Information:
====

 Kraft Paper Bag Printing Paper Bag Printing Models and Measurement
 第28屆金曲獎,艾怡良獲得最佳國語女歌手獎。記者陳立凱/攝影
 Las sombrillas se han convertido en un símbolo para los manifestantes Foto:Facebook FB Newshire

====

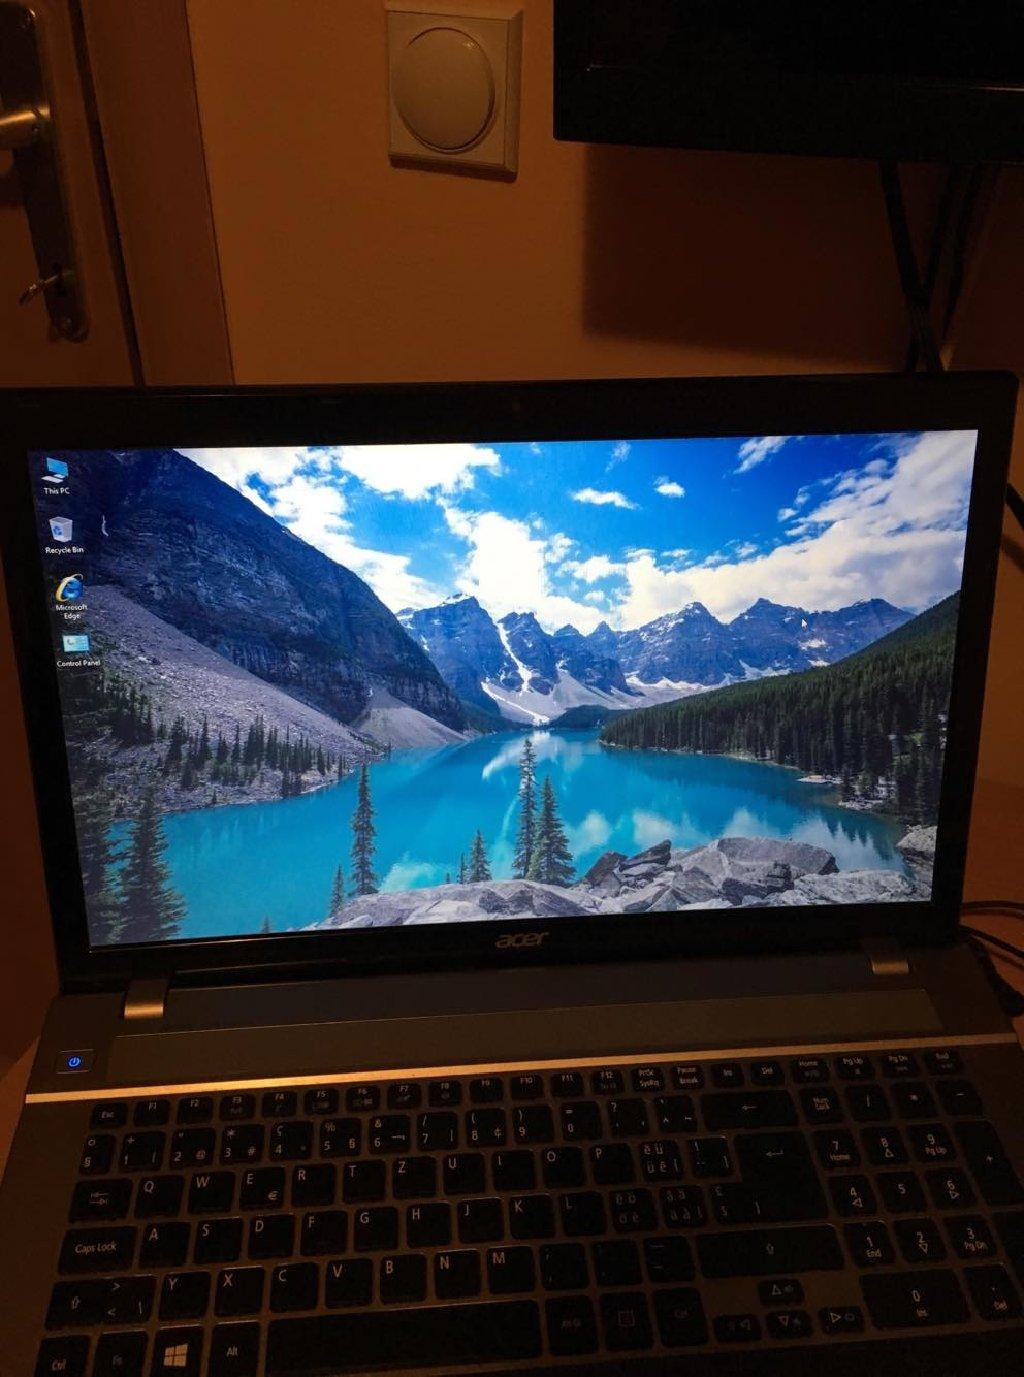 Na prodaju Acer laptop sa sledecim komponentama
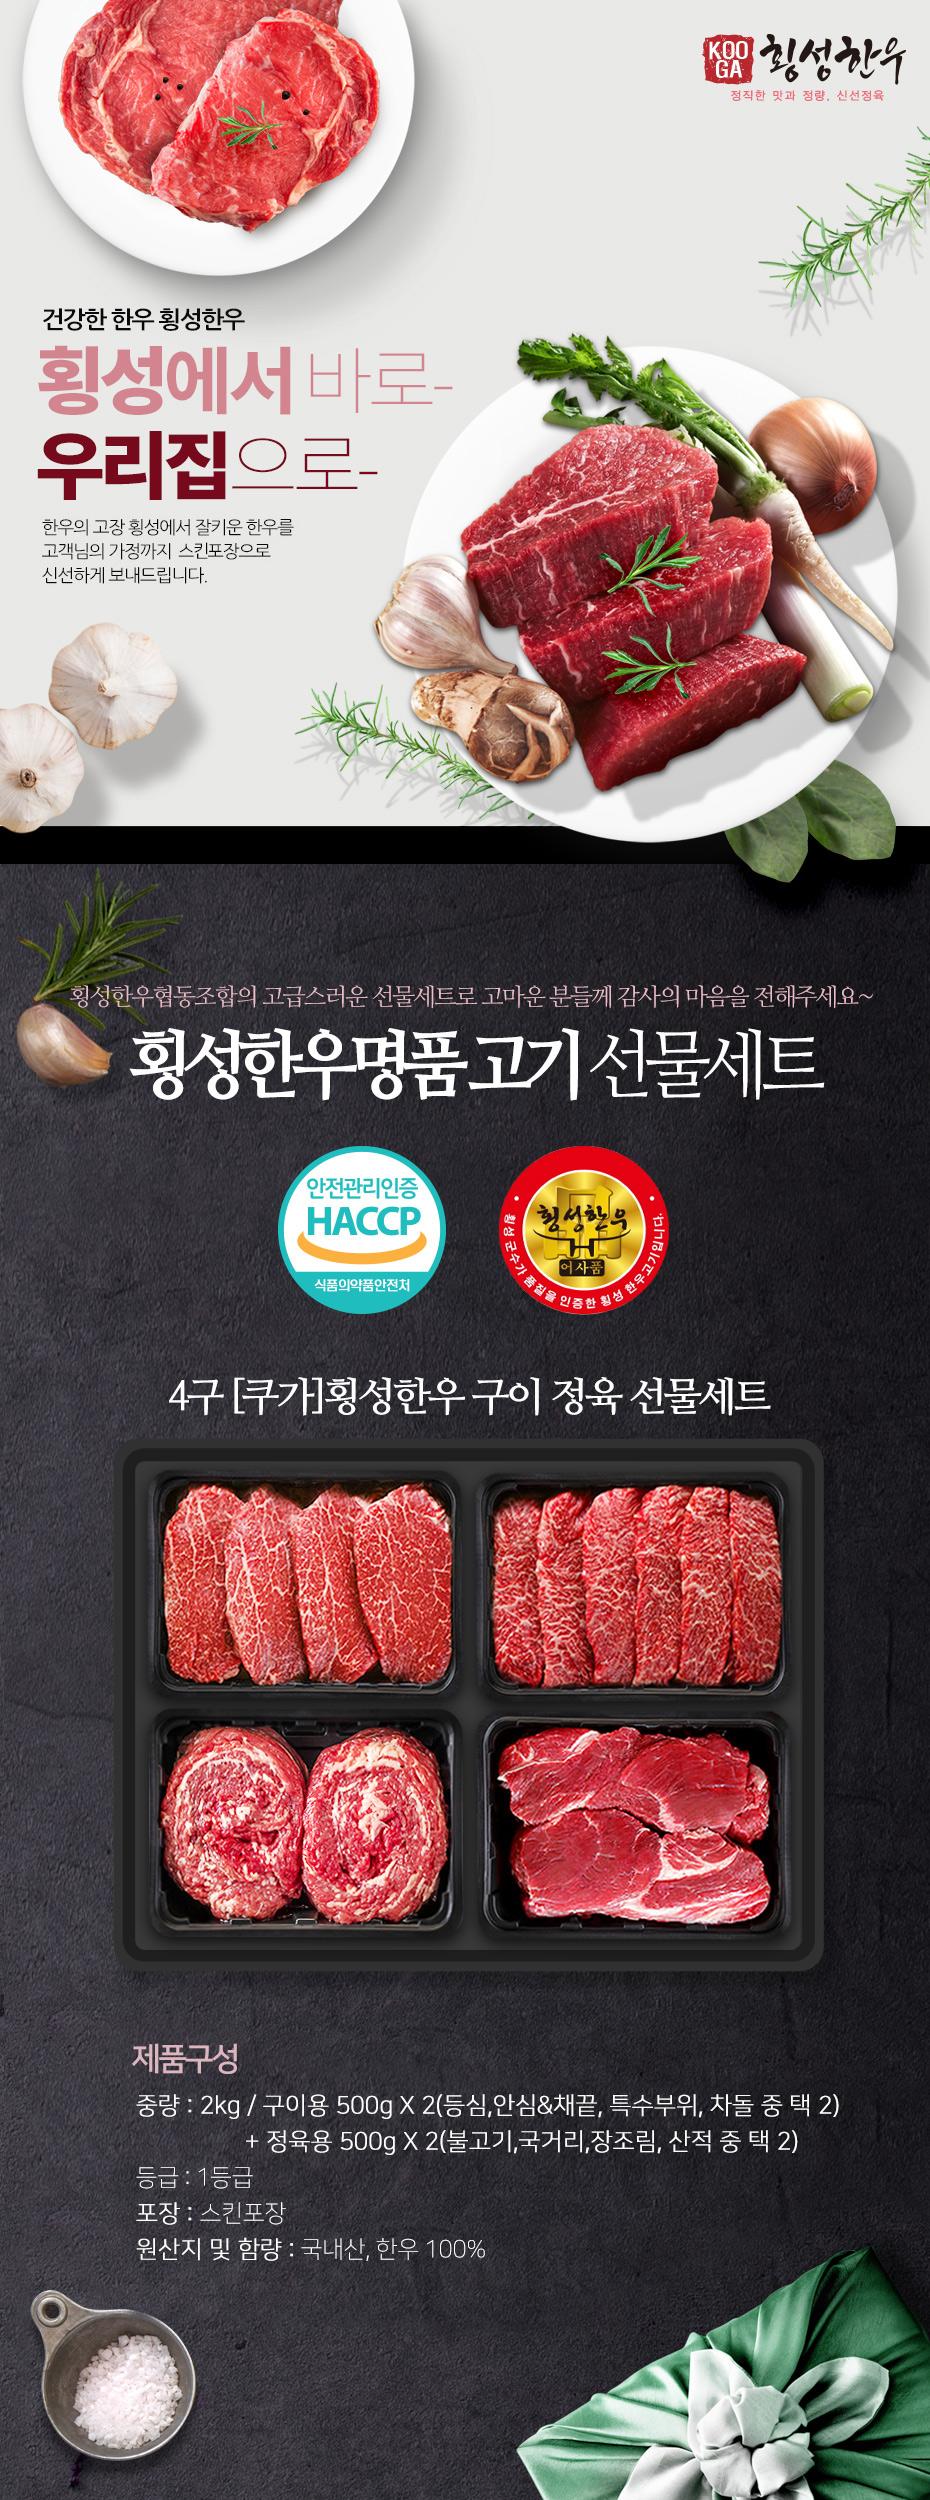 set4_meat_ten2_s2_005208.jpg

====

The entries above hold the needed span. Transcribe exactly the lines from the one with "Kraft Paper Bag" to the one with "Las sombrillas se", both included.

Answer section:
 Kraft Paper Bag Printing Paper Bag Printing Models and Measurement
 第28屆金曲獎,艾怡良獲得最佳國語女歌手獎。記者陳立凱/攝影
 Las sombrillas se han convertido en un símbolo para los manifestantes Foto:Facebook FB Newshire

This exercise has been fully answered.